The house was finished by the time the wedding took place, and the two officers moved into it. The wedding was attended by all the tenants, and half the country round; and it was agreed that the bride's jewels were the most magnificent that had ever been seen in that part of Ireland, though some objected that diamonds, alone, would have been more suitable for the occasion than the emeralds.
Terence, on his return, had heard from his father that his Uncle, Tim M'Manus, had called very soon after the major had returned to his old home. He had been very friendly, and had been evidently mollified by Terence's name appearing in general orders; but his opinion that he would end his career by a rope had been in no way shaken.
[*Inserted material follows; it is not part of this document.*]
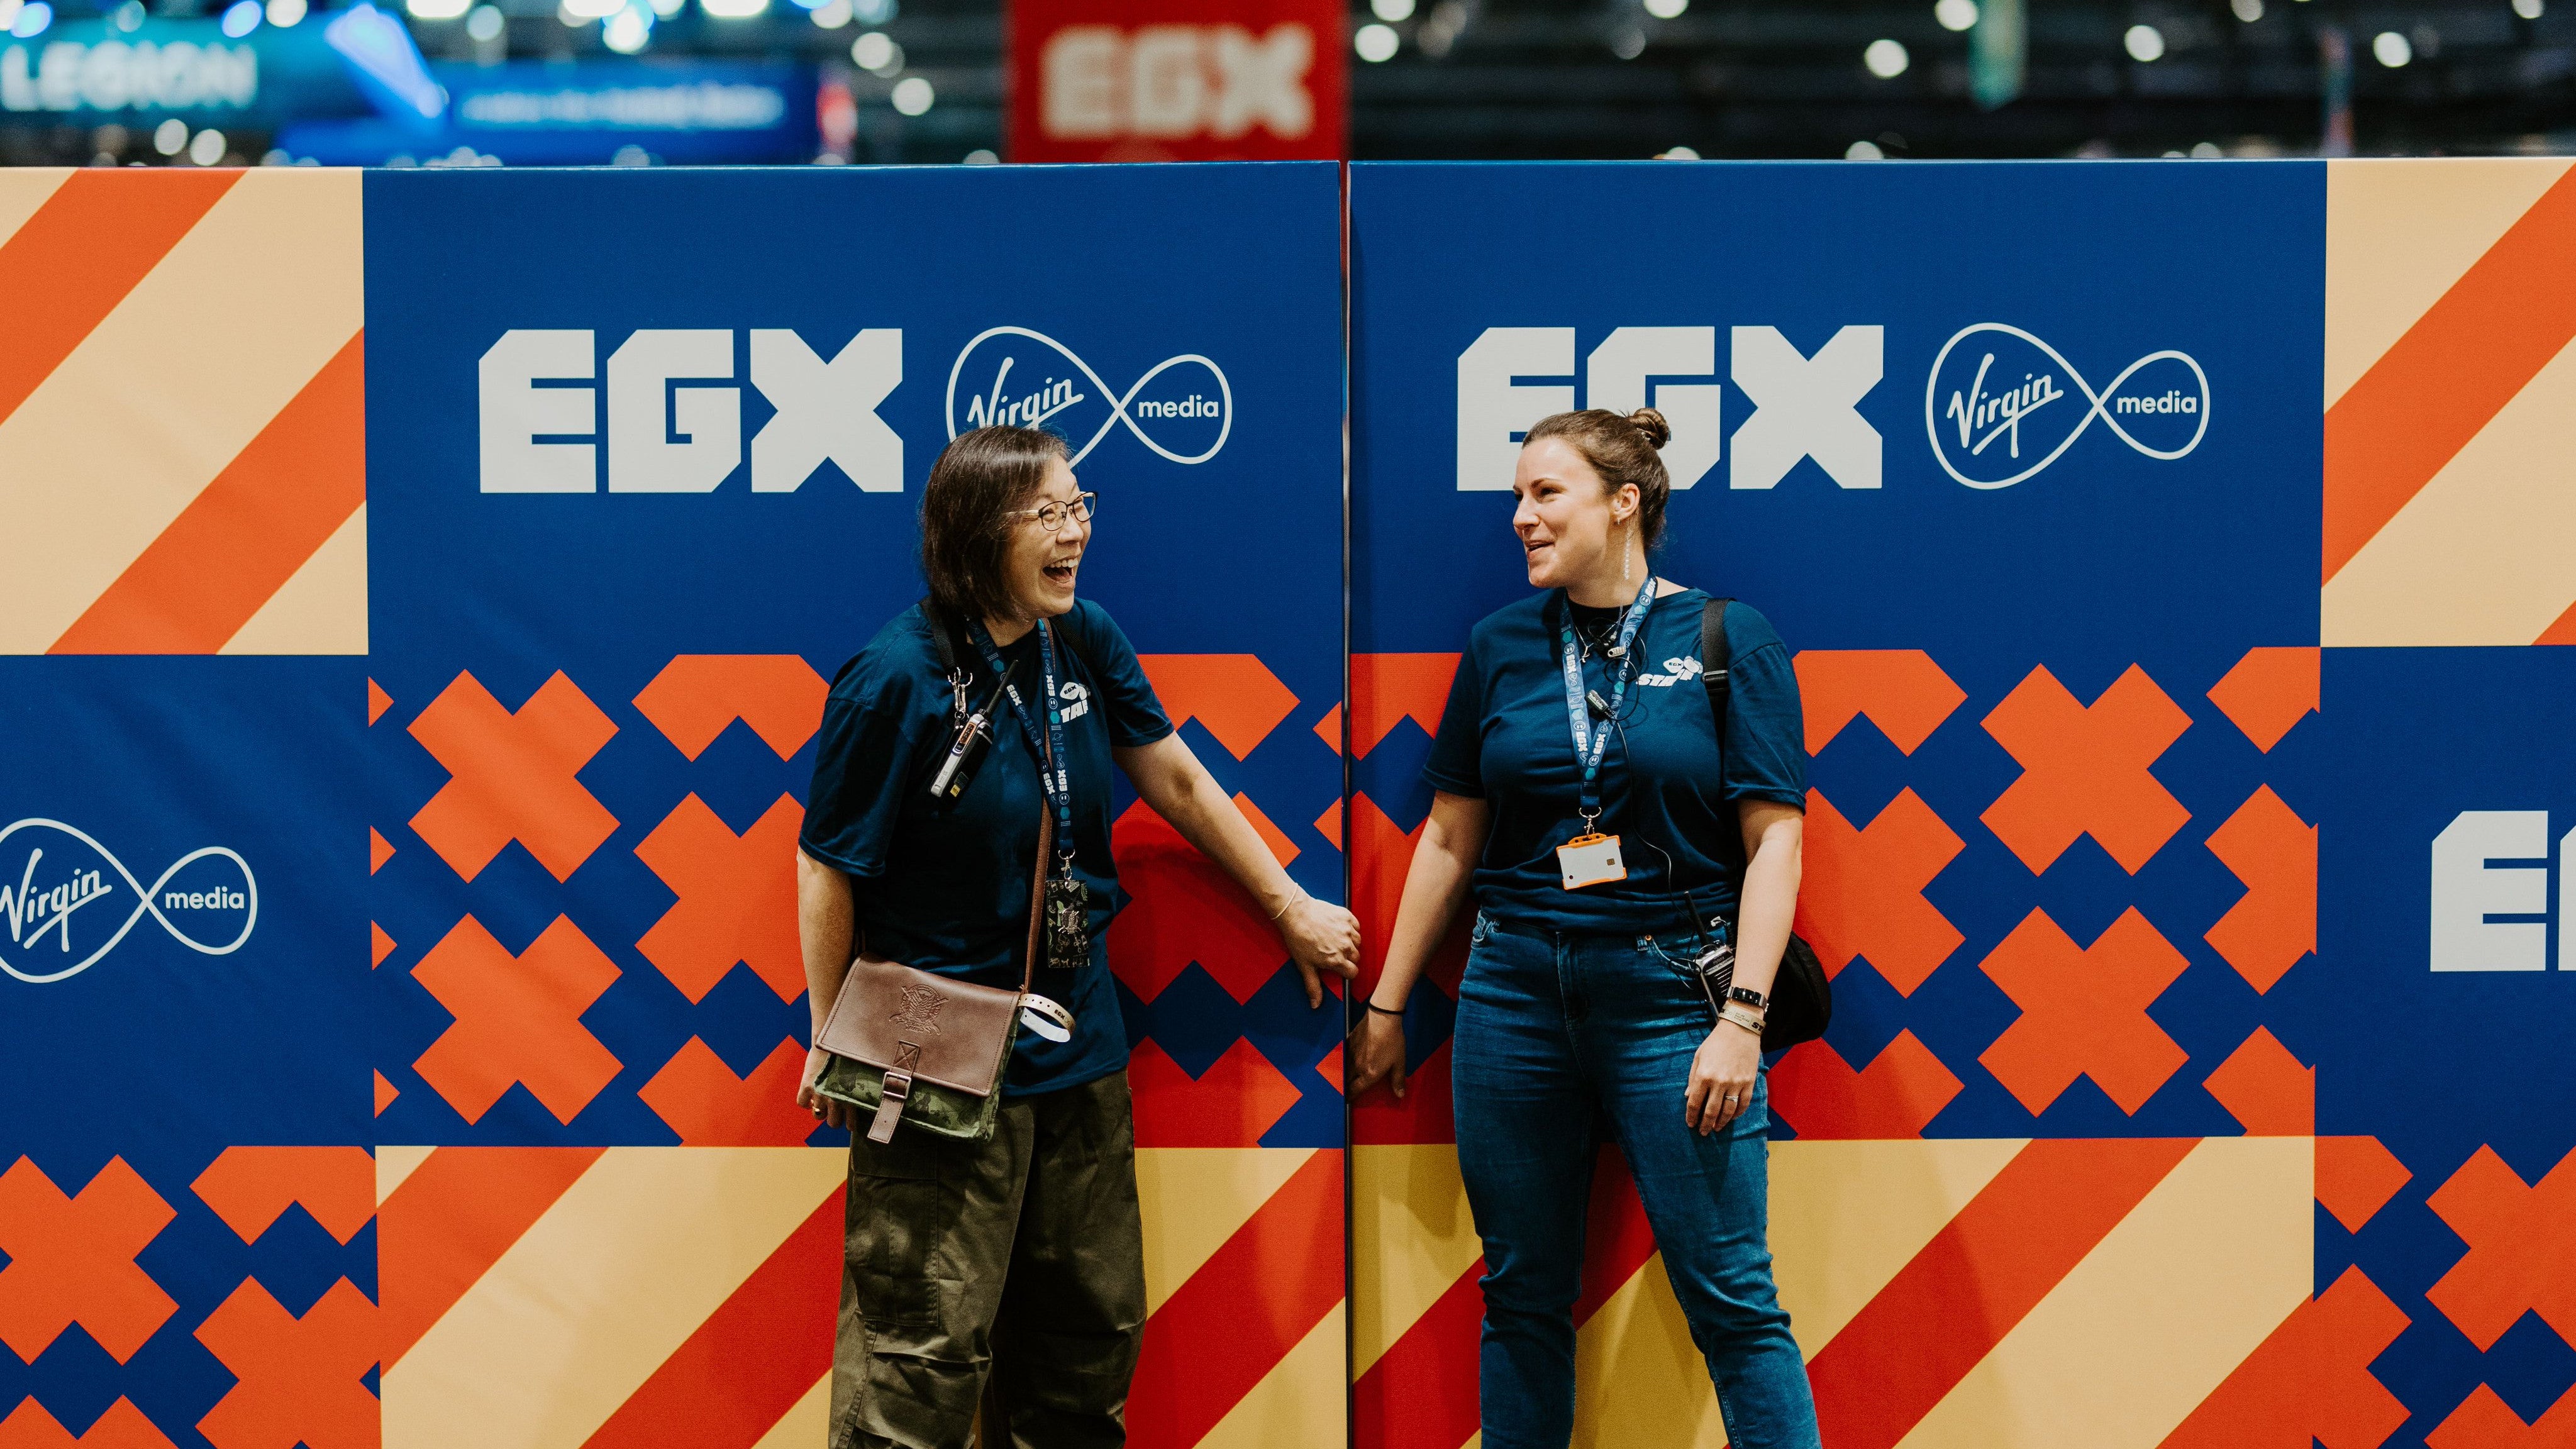 A photo of EGX staff preparing to open the doors for the day.

He had, however, continued to pay occasional visits; and the rapid rise of the scapegrace, and his frequent mention in despatches, were evidently a source of much gratification to him; and it was not long after his return that his uncle again came over.
"We will let bygones be bygones, Terence," he said, as he shook hands with him. "You have turned out a credit to your mother's name, and I am proud of you; and I hold my head high when I say Colonel Terence O'Connor, who was always playing mischief with the French, is my great nephew, and the good M'Manus blood shines out clearly in him."